“We refuse to succumb to patent trolls.”
–Rick Flamm, SVP of legal and general counsel at Nintendo of America, in a press release
Video game giant Nintendo has won its third patent infringement lawsuit of 2012. In this case, a Maryland judge dismissed a suit by IA Labs, which claimed that many of Nintendo’s Wii products infringed on two of its patents. In a release, Nintendo said that it respects the intellectual property rights of others, and that it will continue to fight unfair patent lawsuits.
“We have given your requests careful consideration, and have concluded that there is no basis for delaying the imposition of any discipline in this matter, and particularly not as it may apply to a club or any non-player employee of a club.”
–Jeff Pash, GC of the National Football League, in an e-mail to the NFL Players Association
In the wake of this month’s NFL bounty scandal, the players’ association asked the league not to punish 20-odd players cited for their alleged involvement until the association completed its own investigation. The league, however, acted swiftly, suspending several coaches for their involvement in the “pay for pain” programs. No players have yet been disciplined.
“Adult services advertising existed on the Internet before Backpage.com and will continue on the Internet regardless of Backpage.com.”
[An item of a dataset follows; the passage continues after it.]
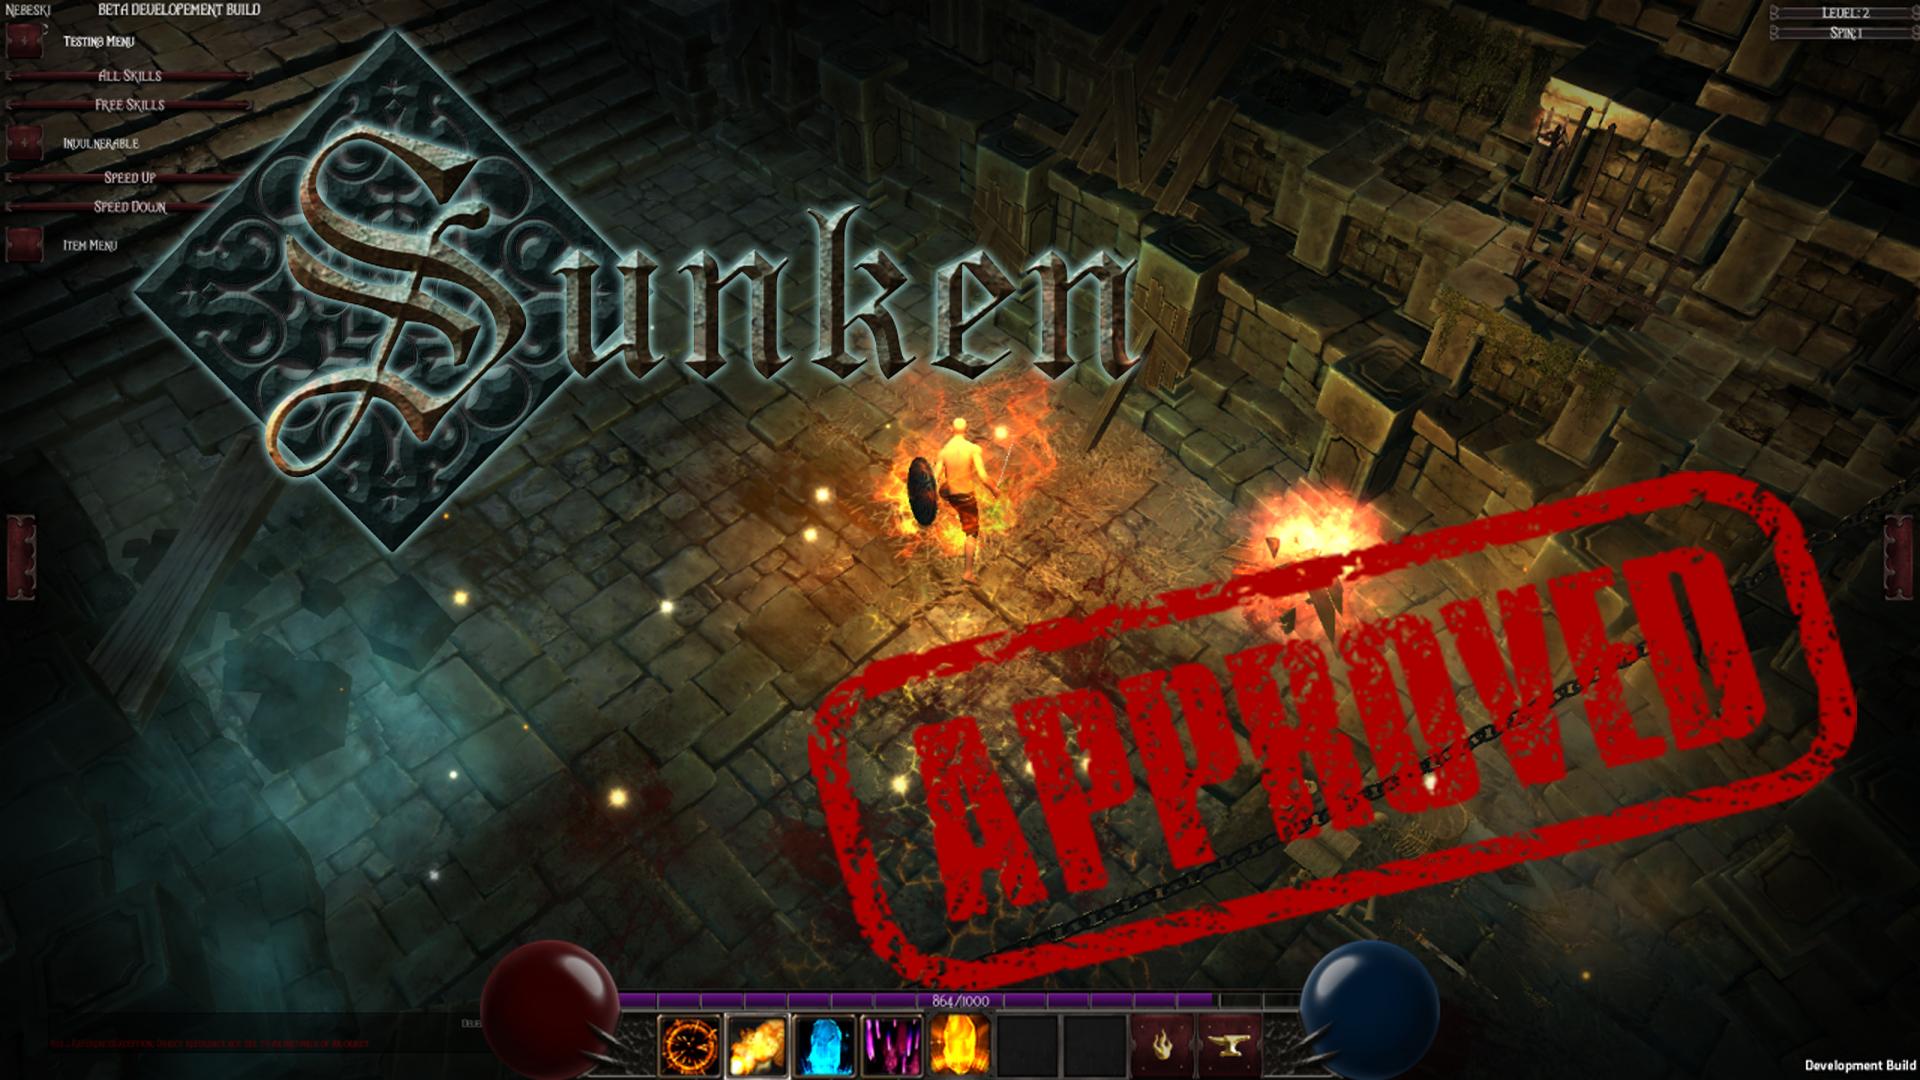 Sunken Preview
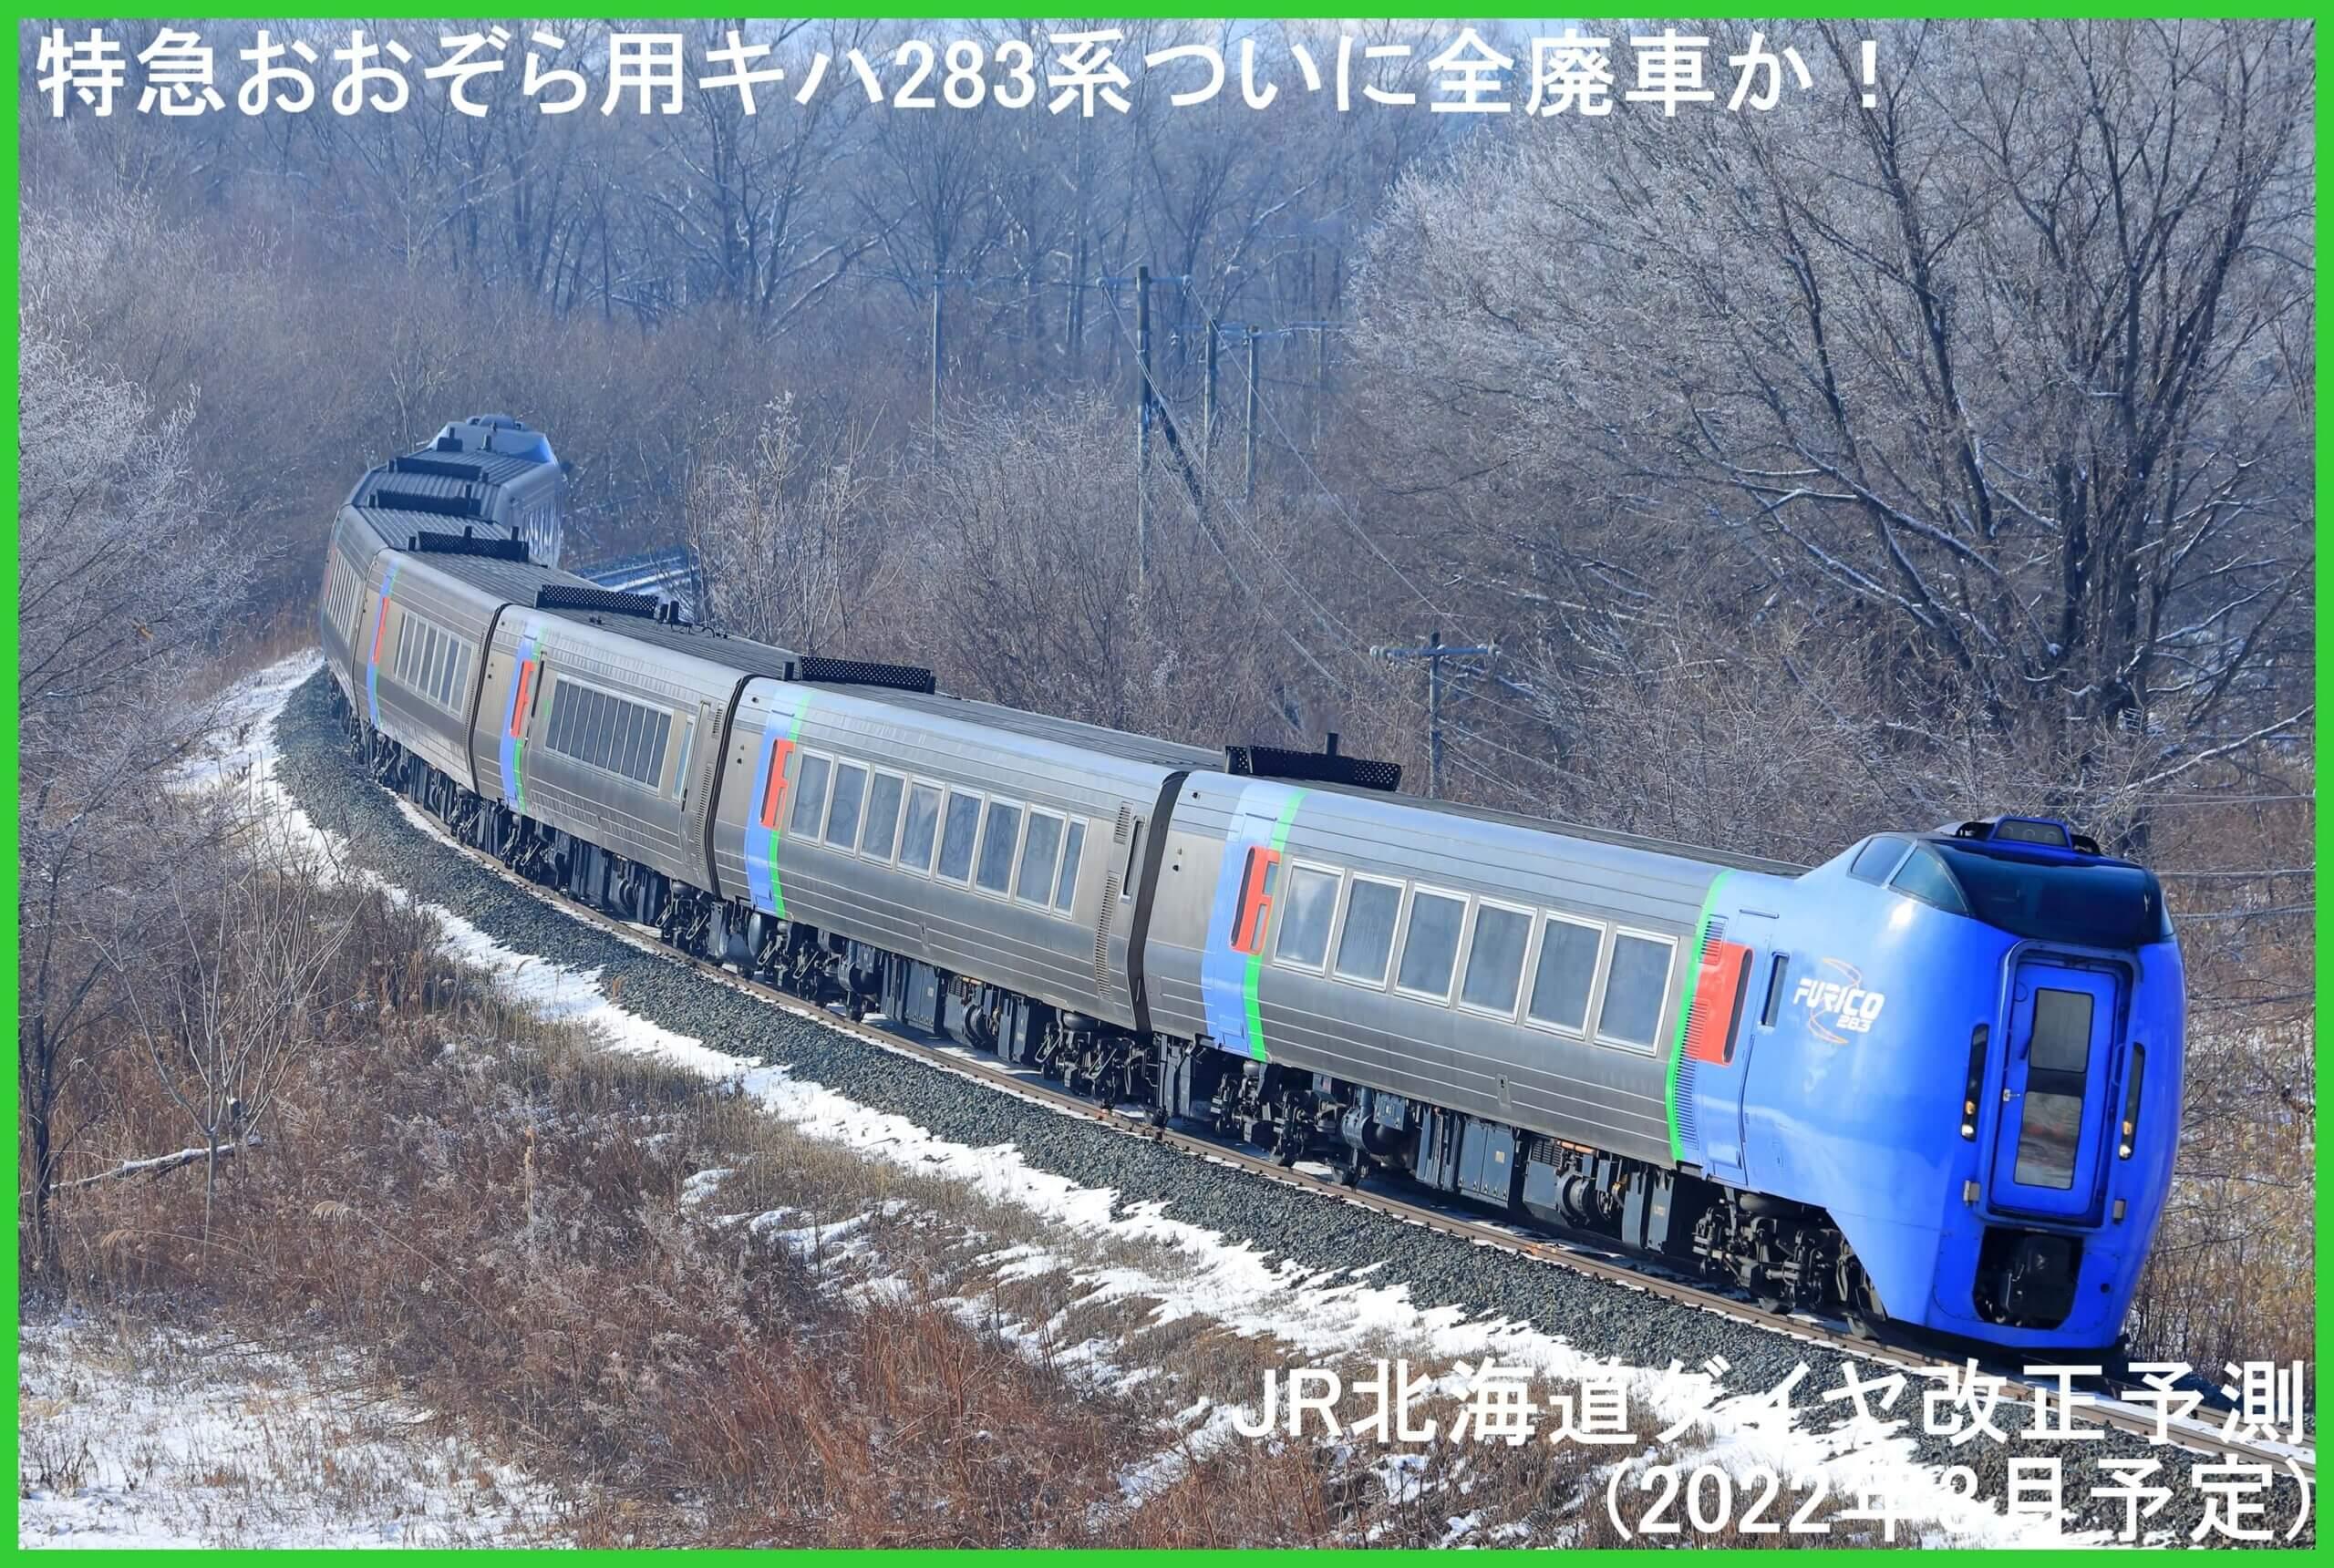 特急おおぞら用キハ283系ついに全廃車か! JR北海道ダイヤ改正予測(2022年3月予定)

–Liz McDougall, GC of Village Voice Media
Village Voice Media is fighting critics of its online classified site Backpage.com, which has come under fire for prostitution advertising. Opponents of Backpage say that it exploits minors, some of whom are featured in ads or lured into the sex trade through the site. But McDougall argues that Backpage reports suspected illegal activity to authorities, and that shutting it down would simply drive sex traffickers further underground.
“Guidance which consists of ’two days might be good, 30 days is too long’ is not very helpful.”
–Andrew Weissmann, GC of the Federal Bureau of Investigation
The FBI is still struggling to understand the implications of a Supreme Court ruling that banned authorities from placing GPS tracking devices on vehicles without first obtaining a warrant. The court ruled in January that the FBI had violated the Fourth Amendment’s protection against unlawful search and seizure when it used a tracking device to monitor the movements of suspected drug dealer Antoine Jones. In response, the FBI turned off 3,000 similar devices, but says that the ruling is too narrow to provide guidance for other cases.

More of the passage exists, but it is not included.